GIVEN MATERIAL >>
-- -- --
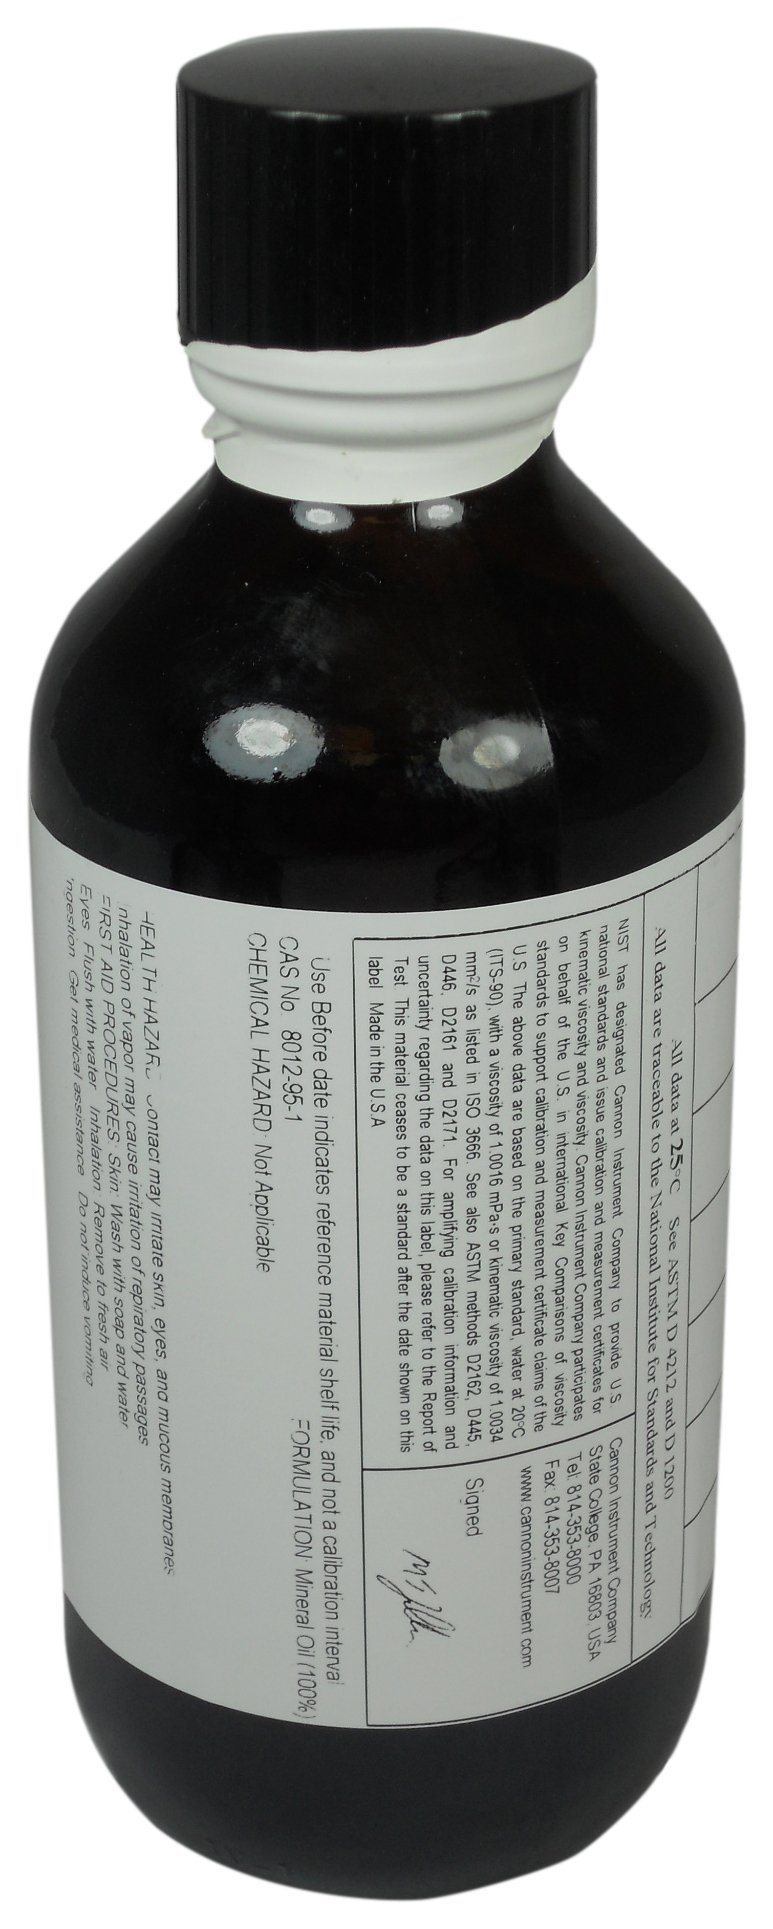 BYK-Gardner 4044 Certified Viscosity Standard Oils for Rotational Viscometers, Brookfield-Type, RT1000 by BYK-Gardner
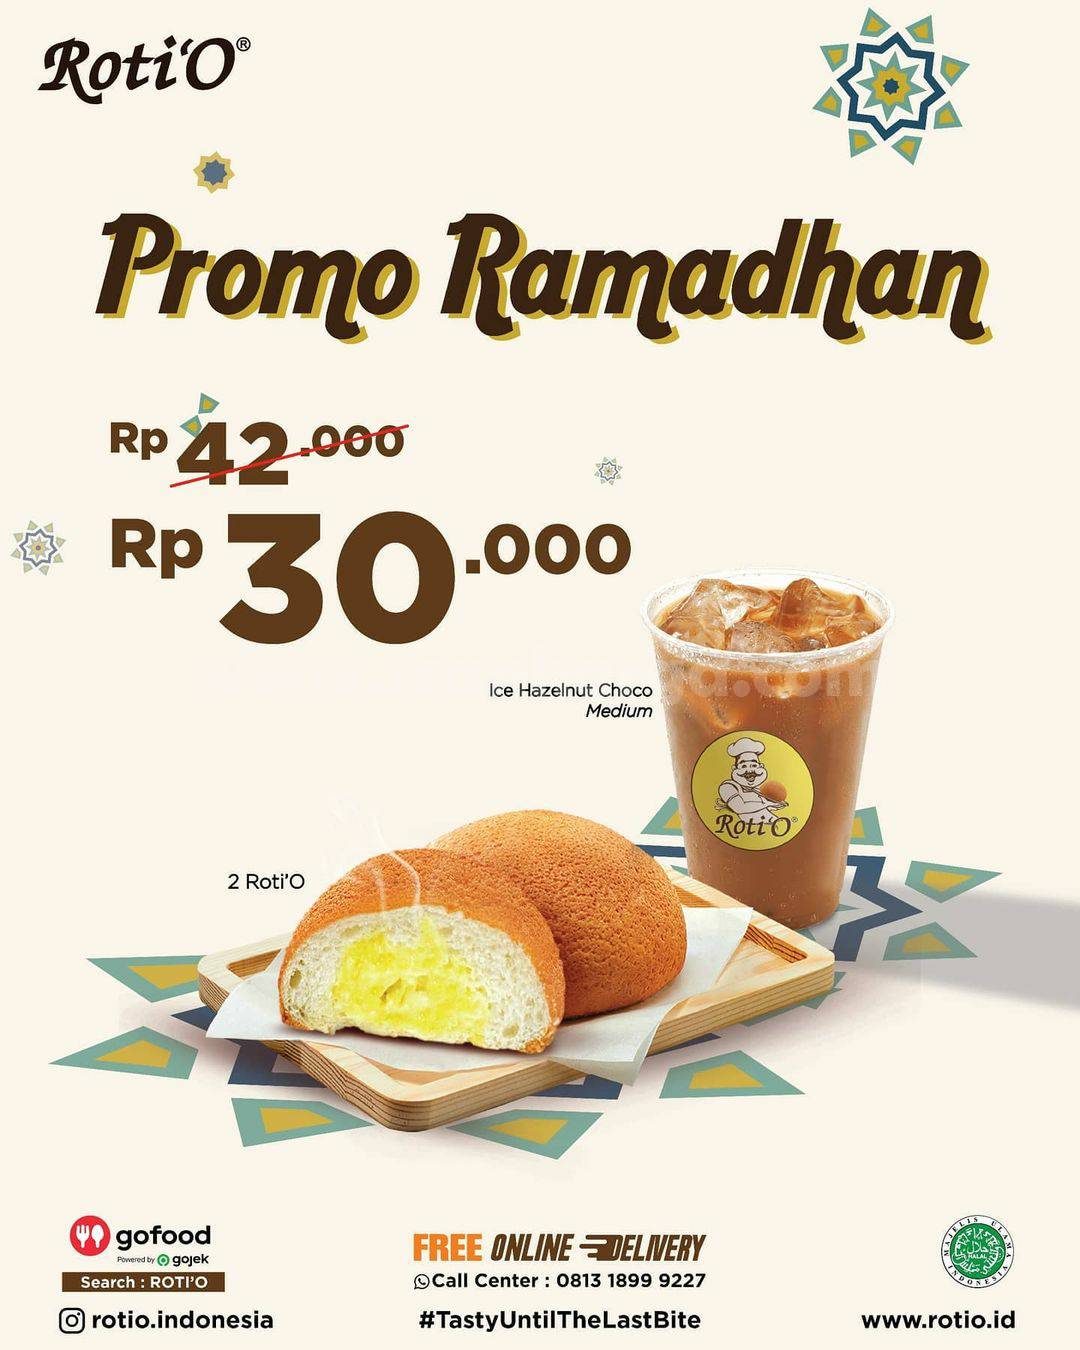 ROTI'O Promo RAMADHAN - Beli 2 Roti'O + Ice Hazelnut Chocolate cuma Rp 30.000
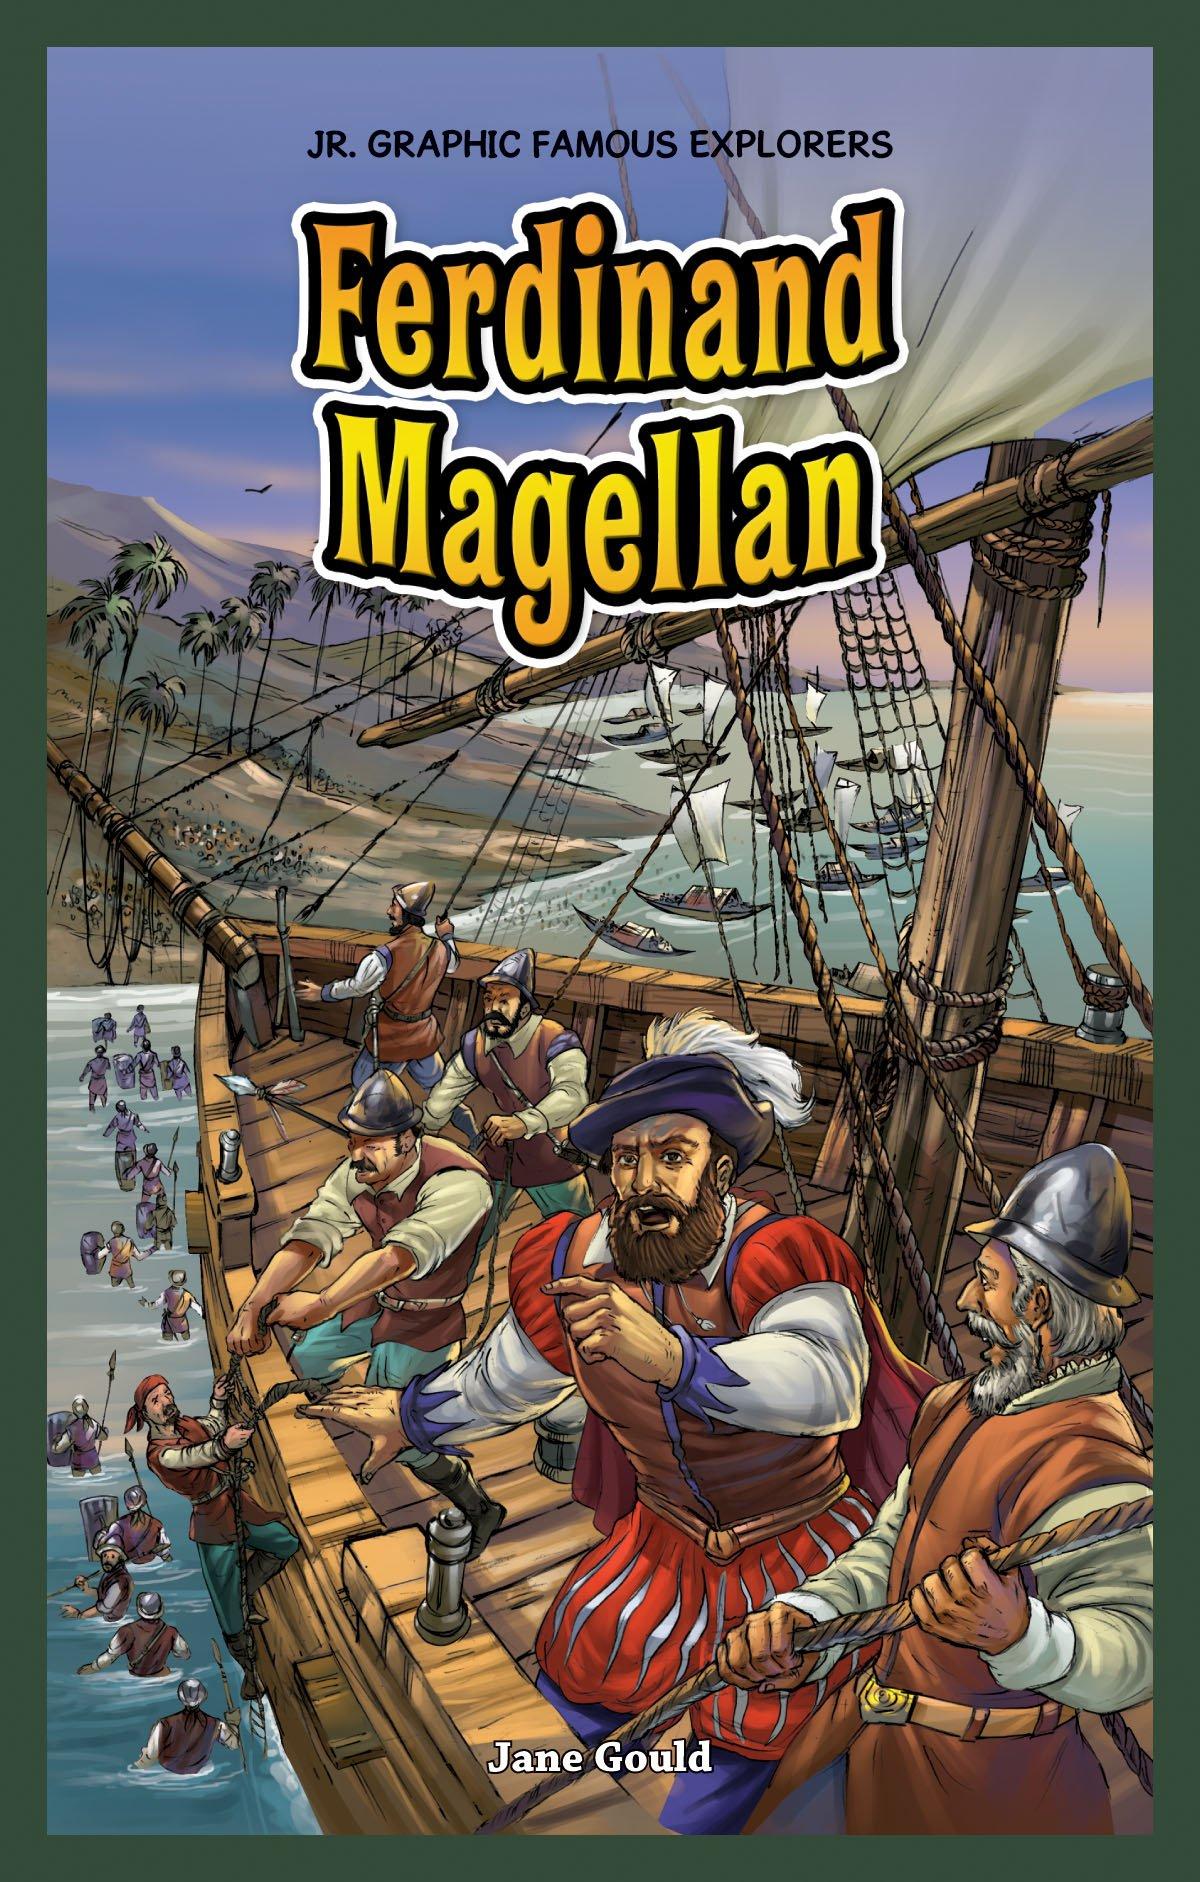 Download Ferdinand Magellan (Jr. Graphic Famous Explorers) ebook
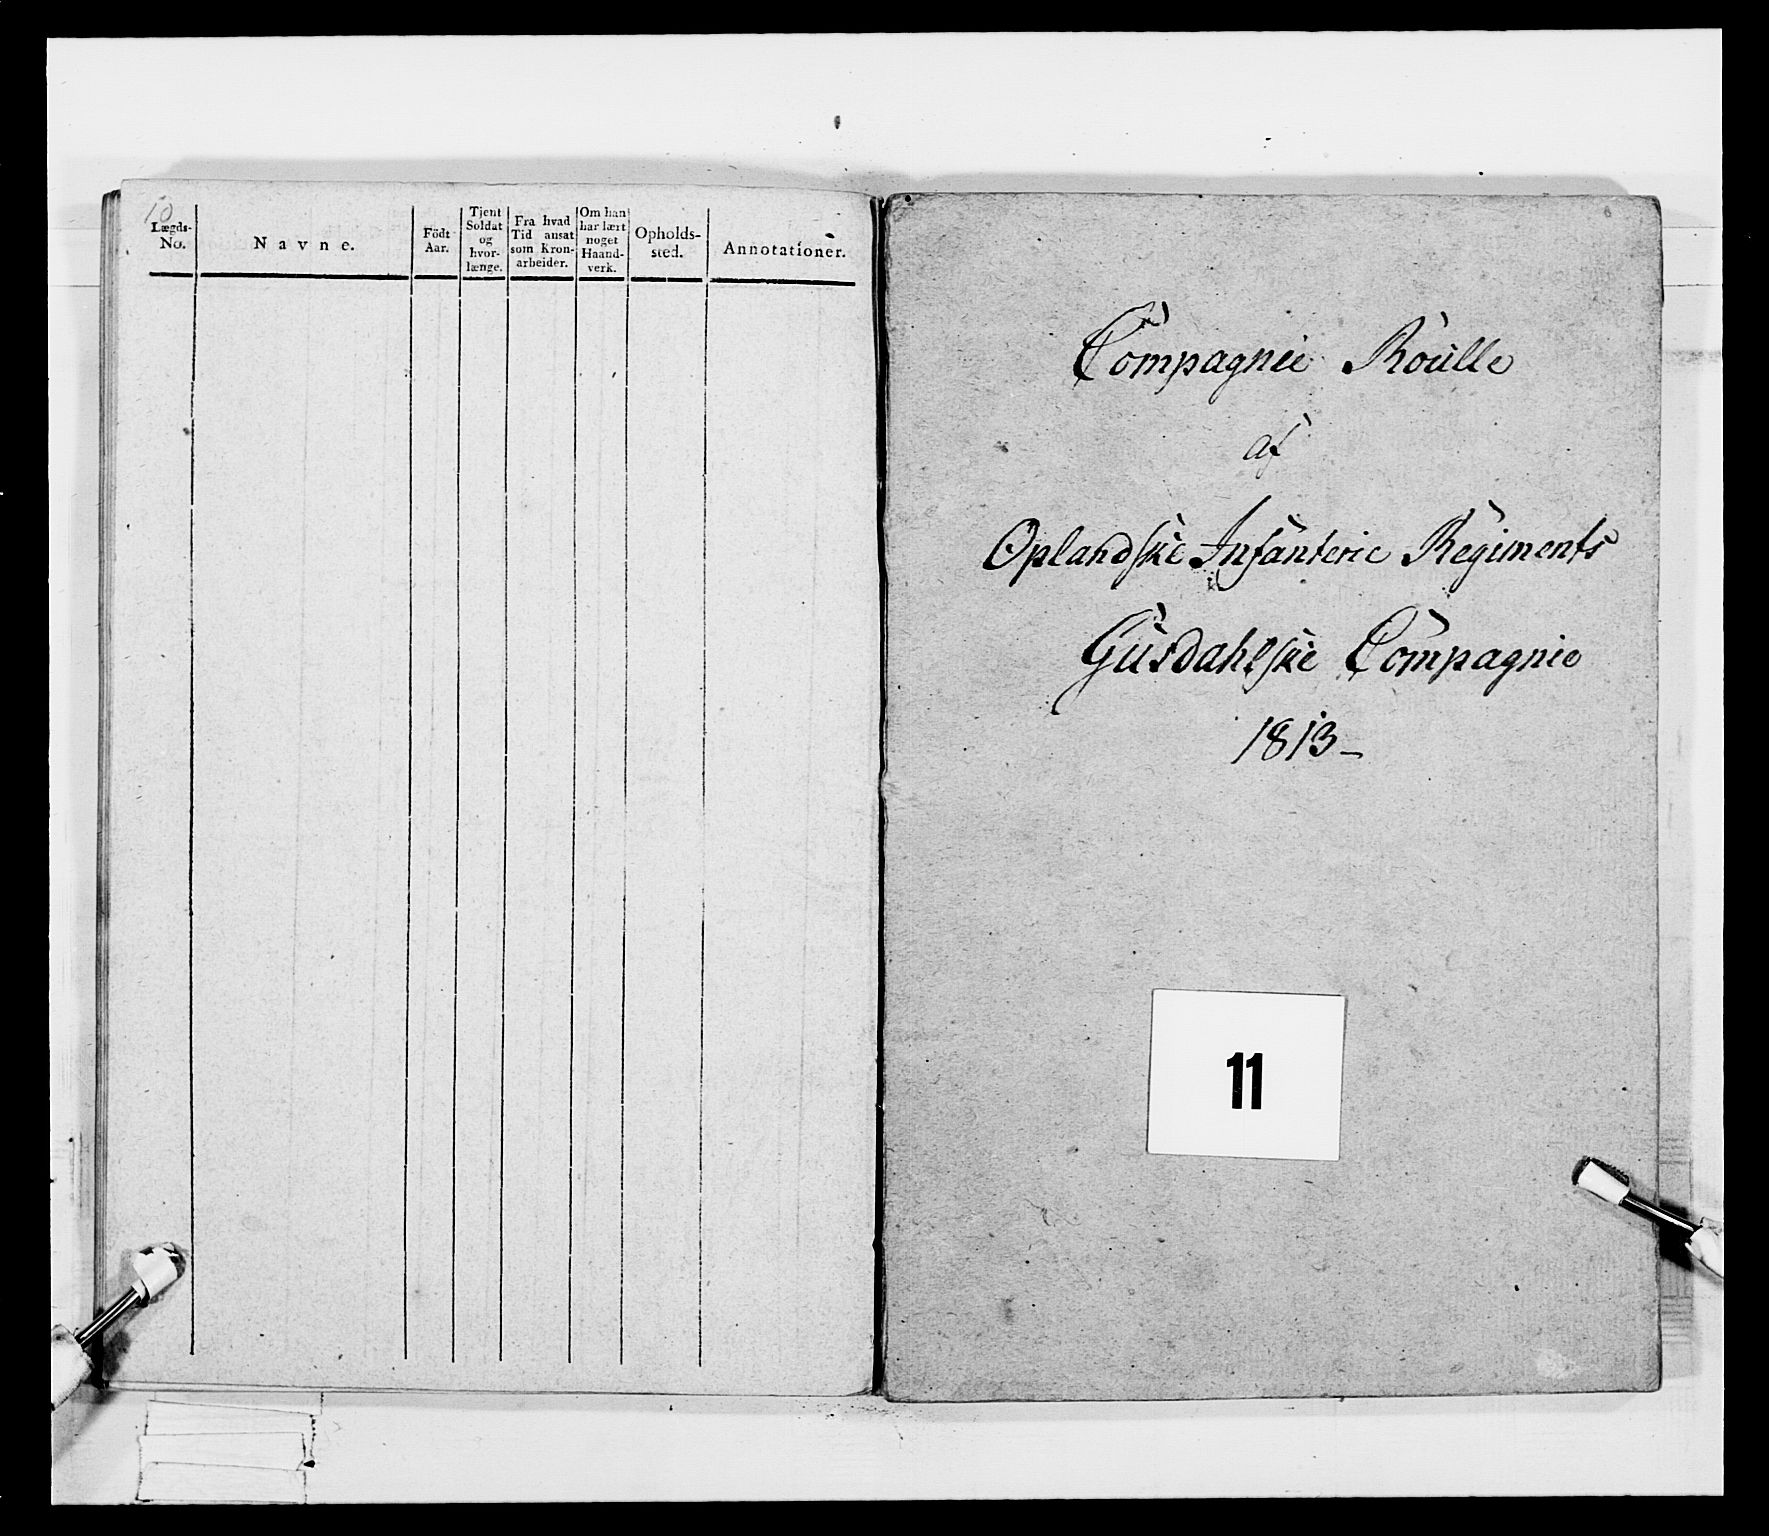 RA, Generalitets- og kommissariatskollegiet, Det kongelige norske kommissariatskollegium, E/Eh/L0069: Opplandske gevorbne infanteriregiment, 1810-1818, s. 514
-- -- --
ACTIVITY >>
In the listing, find the line containing "ROTI'O Promo RAMADHAN" and repeat it and every later line through the last one, word for word, excluding the pictures.

TASK SOLUTION >>
 ROTI'O Promo RAMADHAN - Beli 2 Roti'O + Ice Hazelnut Chocolate cuma Rp 30.000
 Download Ferdinand Magellan (Jr. Graphic Famous Explorers) ebook
 RA, Generalitets- og kommissariatskollegiet, Det kongelige norske kommissariatskollegium, E/Eh/L0069: Opplandske gevorbne infanteriregiment, 1810-1818, s. 514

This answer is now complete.